**To do**
Below is a listing with pictures in it; transcribe exactly the lines from the one that has "Nao to Shota" through the one that has "Dell Optiplex 380 купить Одессе", and omit those pictures.

**Records supplied**
#####

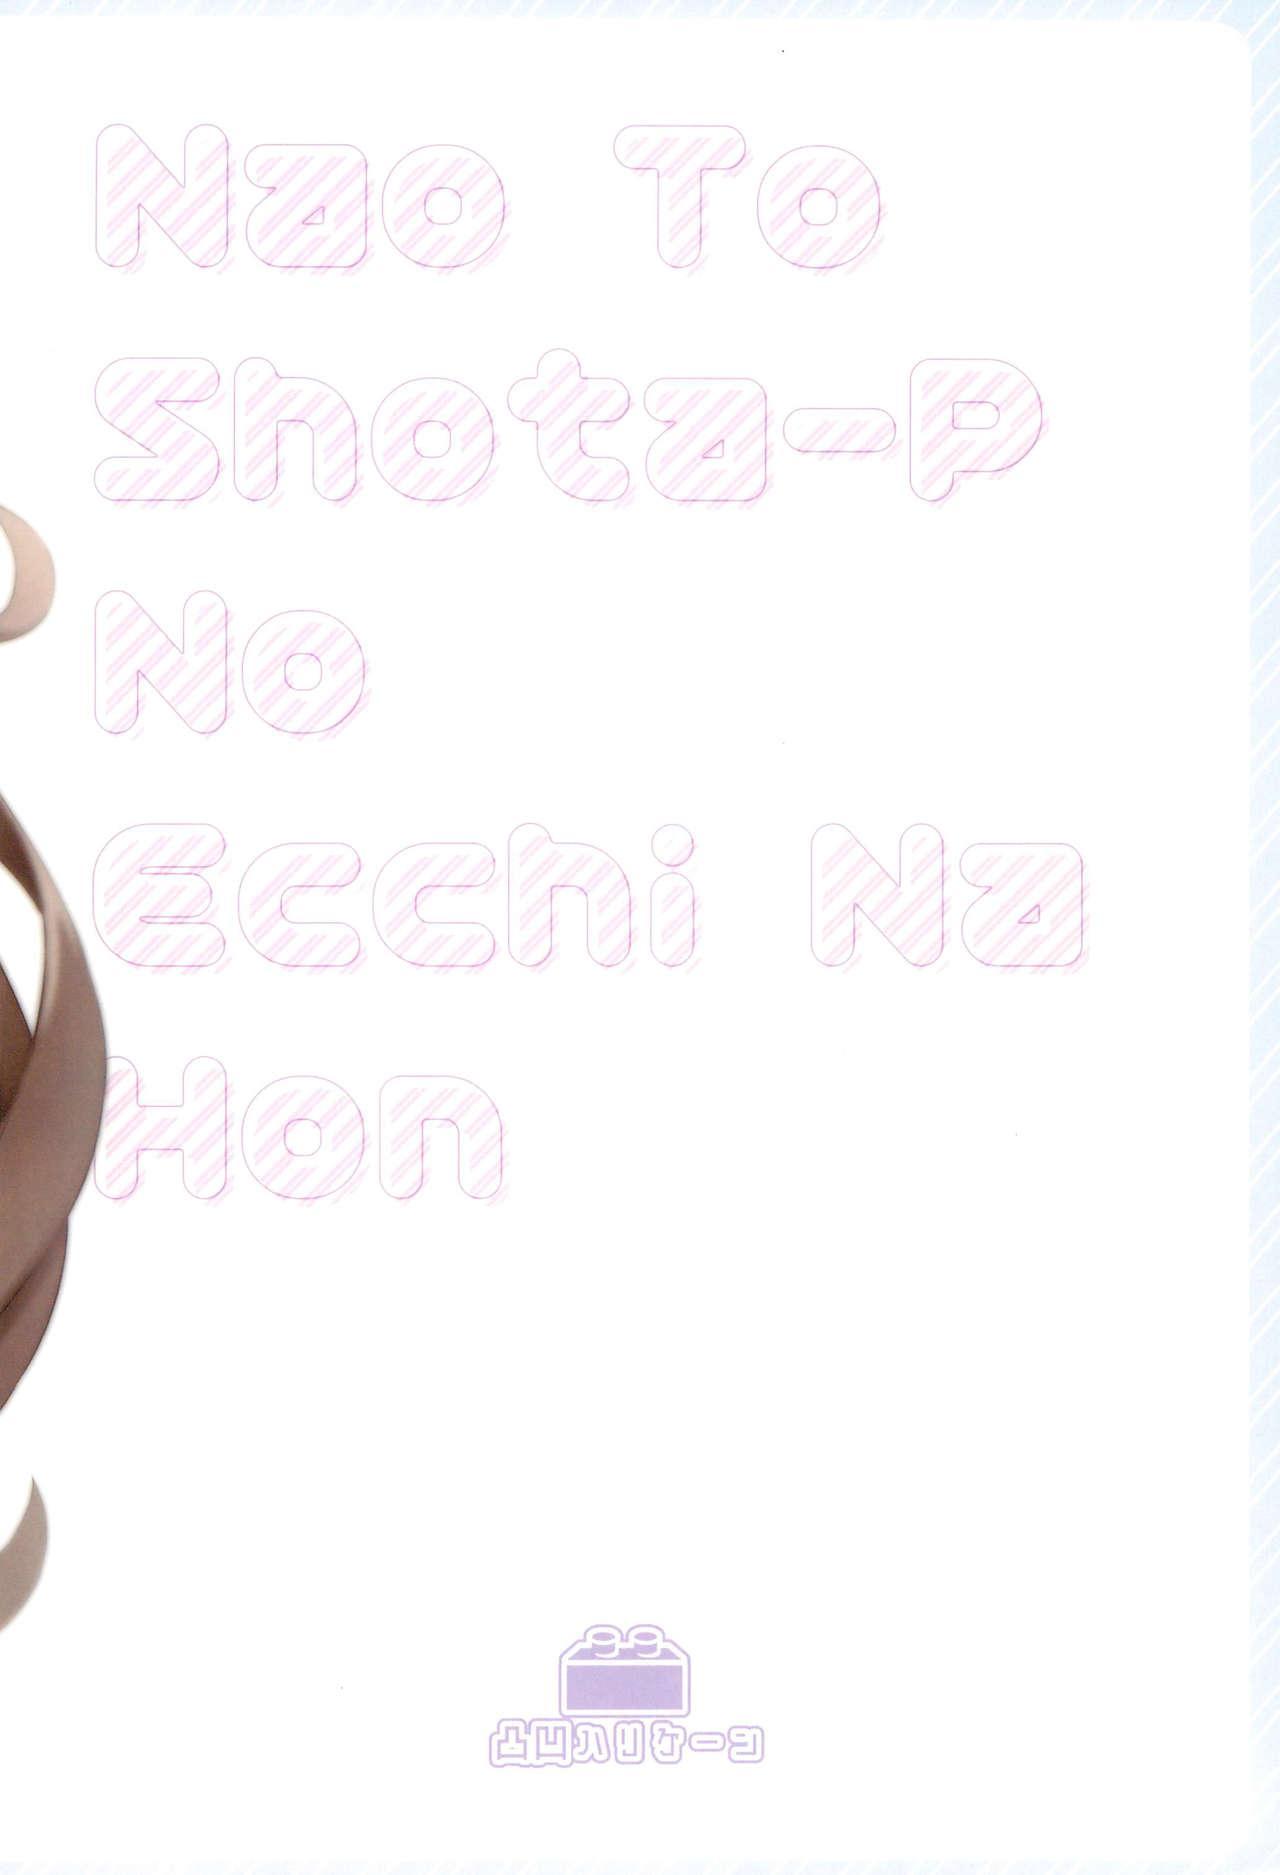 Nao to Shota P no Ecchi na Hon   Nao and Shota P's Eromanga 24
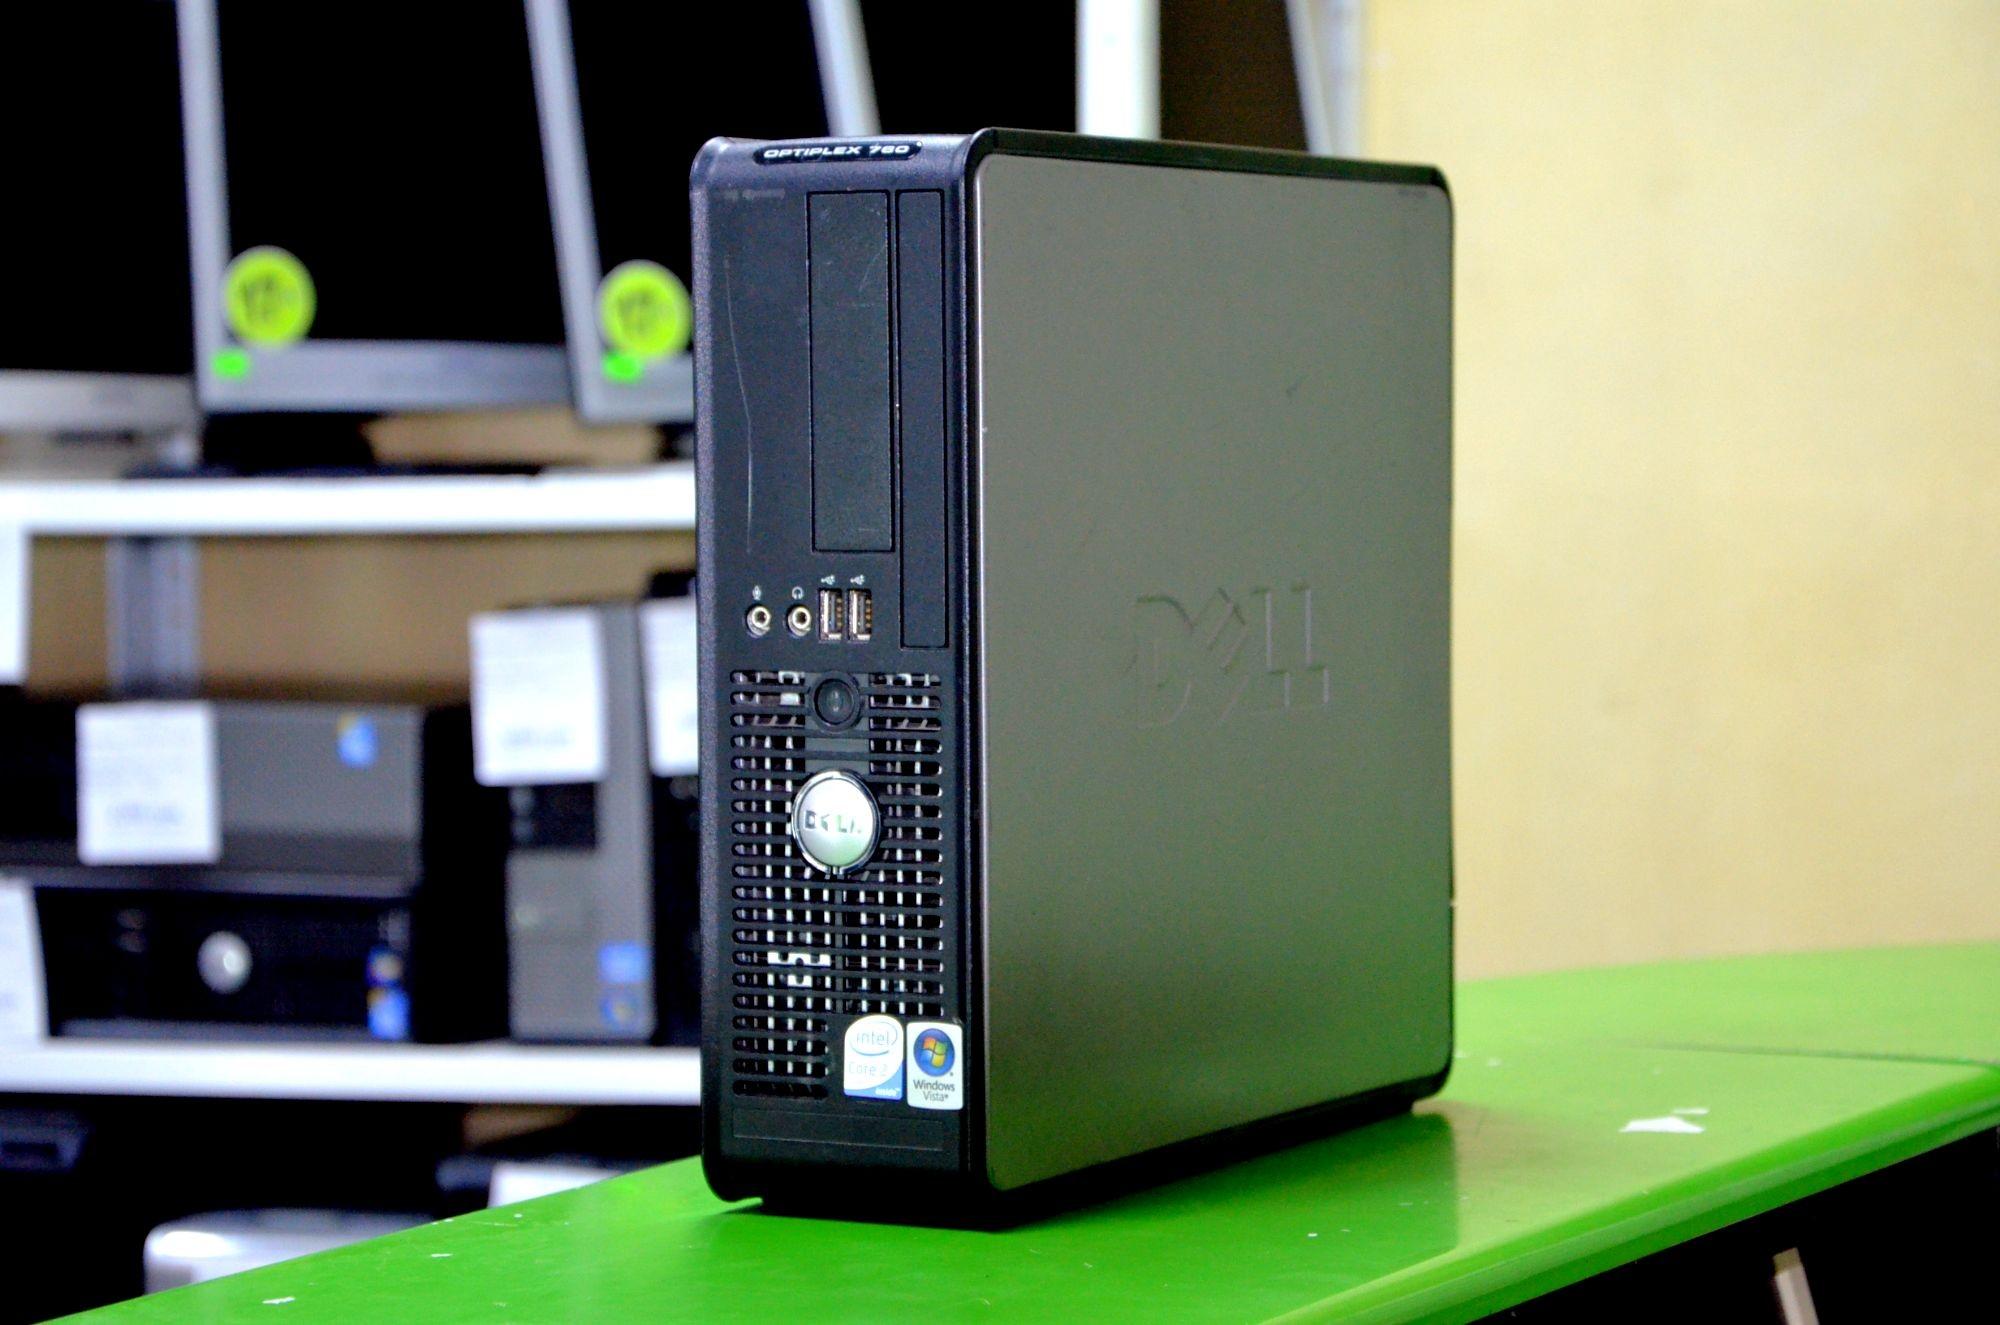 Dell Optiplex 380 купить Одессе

#####

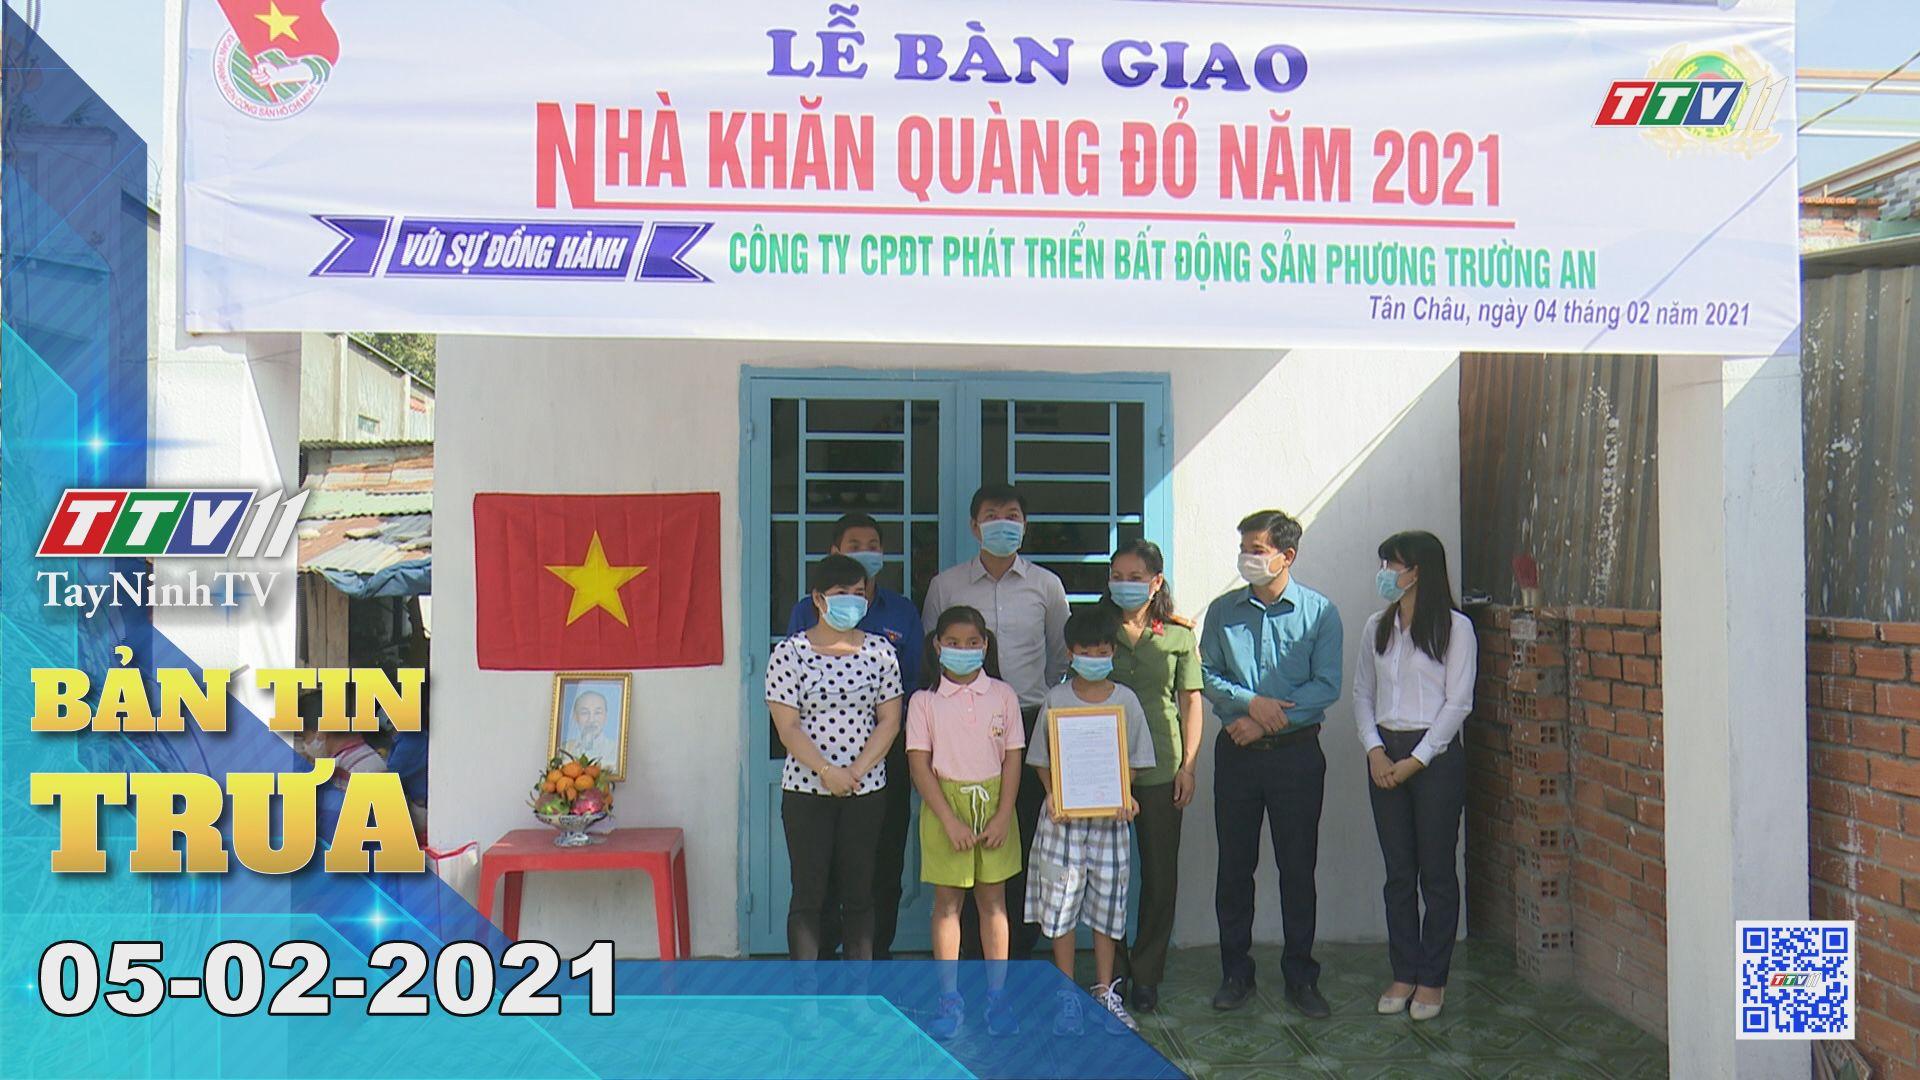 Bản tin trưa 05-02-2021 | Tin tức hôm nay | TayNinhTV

#####

**Result of this exercise**
 Nao to Shota P no Ecchi na Hon   Nao and Shota P's Eromanga 24
 Dell Optiplex 380 купить Одессе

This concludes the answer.